Екатерина Андреевна Тюхай

Девочка со спичками

И убаюкан – горе мне! —Я был на тихом лоне,И сон последний снился мнеНа диком склоне.Джон Китс

© Екатерина Тюхай, текст, 2024

© Екатерина Тюхай, нейросеть, иллюстрация, 2024

© ООО «Издательство АСТ», 2024

Объект № 1

Max1*1: Есть способ


Arrat: Какой? Они отстреливают даже нанокоптеры за километр от башни. Любовниц он меняет постоянно, и они ничего не знают о нем.


Max1*1: Я теперь знаю кое-что. И это поможет нам его достать.


Arrat:???


Arrat: Сказал А, говори Б.


Arrat: Я тебя найду, обещаю. Я тебя просто с землей сровняю, сталкер херов


Max1*1: Не психуй


Arrat: Что ты знаешь?


Max1*1: То, о чем ему сообщат только минут через 15. Но я сделаю все без вас. Если получится, о результатах ты узнаешь из новостей.


Arrat: Что ты несешь


Max1*1: Он не подпишет


Arrat: Ты ебанулся? Я знаю, у тебя с ним личные счеты, но это не тот уровень. Ты даже подойти к нему не сможешь


Max1*1: Вложение


Arrat: Где ты это достал????


Max1*1: Вложение удалено


Max1*1: Неважно. Я сделаю все сам, просто не мешайте


Arrat: Нет. Я тоже должен быть в деле. Что ты за это хочешь?


Max1*1: Чистые документы, чтобы после всего свалить за границу


Arrat: Будут


Arrat: Меня предупреждали, что ты не в себе, но чтобы настолько


Max1*1: Смотри новости.


Arrat: Чел, ты реально без башни


Max1*1: пользователь офлайн


Двенадцать часов назад

Он открыл глаза в полной темноте. В первый момент он никогда не понимал, где находится, – в комнате, в подвале или в гробу: настолько густая тьма его окружала. Сна больше не было. Сон в последнее время вообще стал для него роскошью: тело как будто в знак протеста перестало повиноваться выверенному до минут расписанию, которому он следовал годами.

Он лежал и смотрел в невидимый потолок.
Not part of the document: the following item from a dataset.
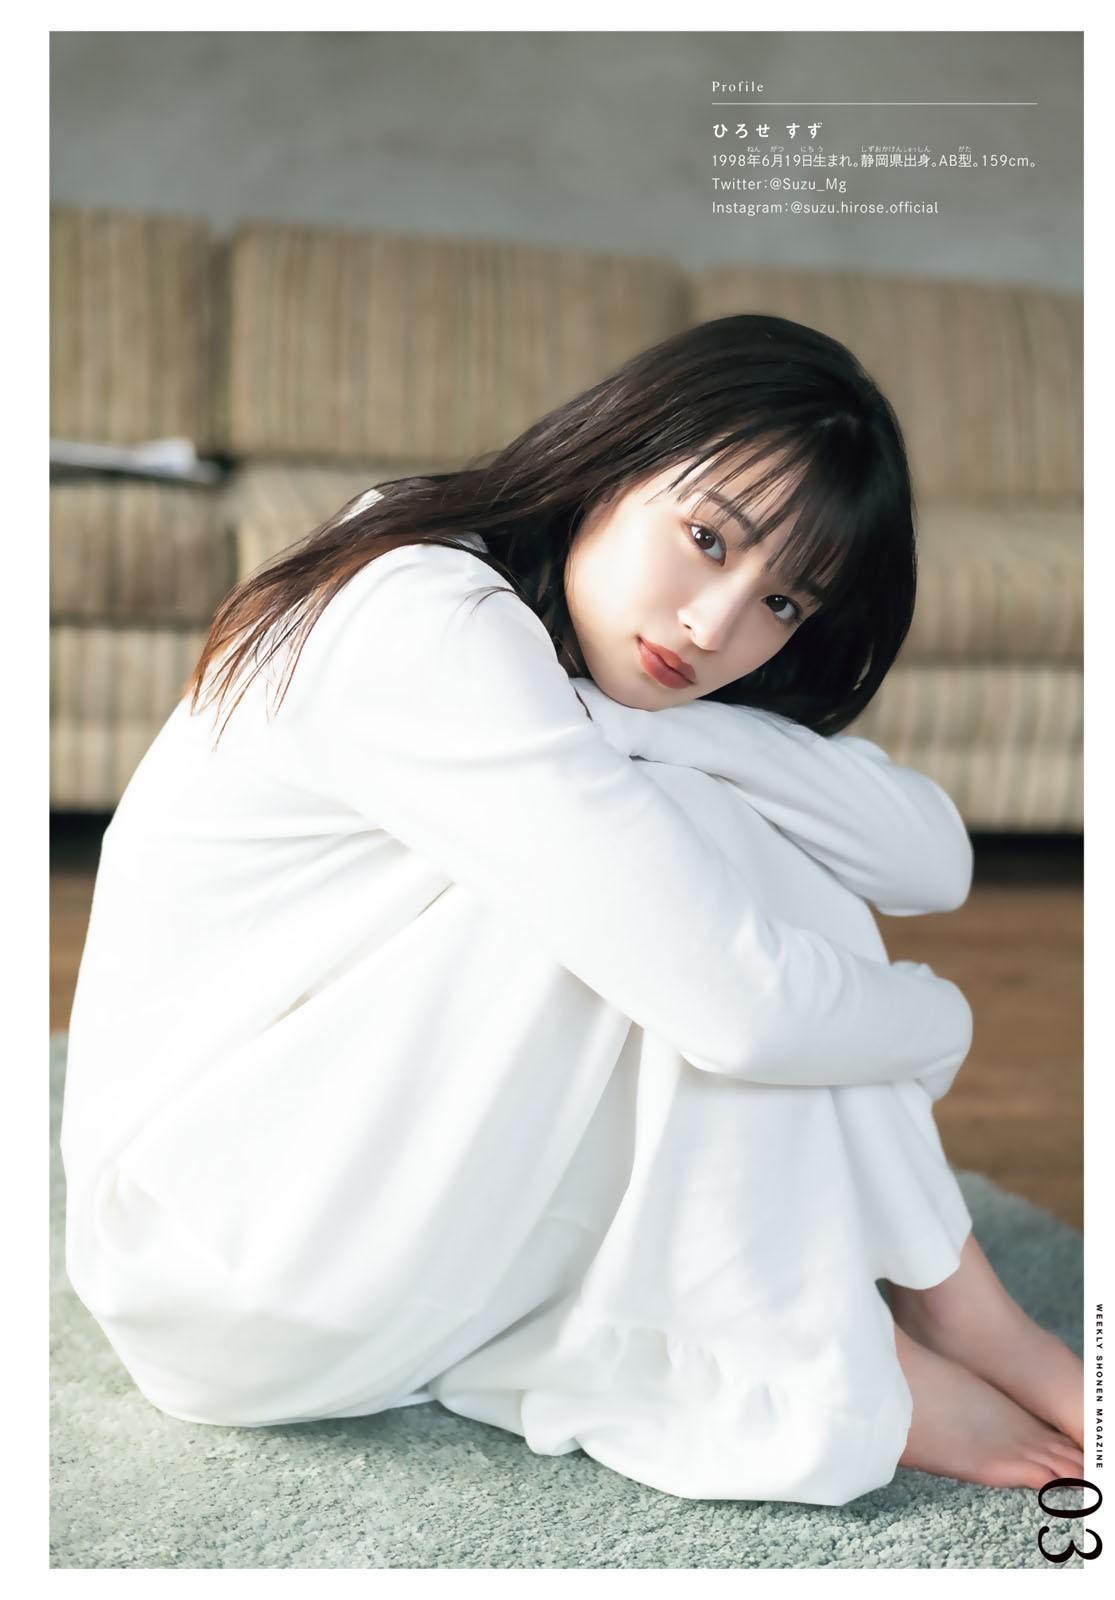 广濑丝丝 少年Magazine

В груди (или в голове?) словно тикал назойливый часовой механизм, отсчитывая секунды до того момента, когда Кристин отключит режим штор по периметру гигантских, похожих на аквариум, апартаментов, и скажет: «Доброе утро, Игорь! Сегодня двадцать восьмое апреля, сейчас восемь утра. Погода в Москве плюс двенадцать, дождь, пасмурно».

– Доброе утро, Игорь! – Окна чуть слышно завибрировали, плавно размывая черноту и пропуская мутный свет снаружи. – Сегодня двадцать восьмое апреля, сейчас восемь утра. Погода в Москве плюс двенадцать, дождь, пасмурно.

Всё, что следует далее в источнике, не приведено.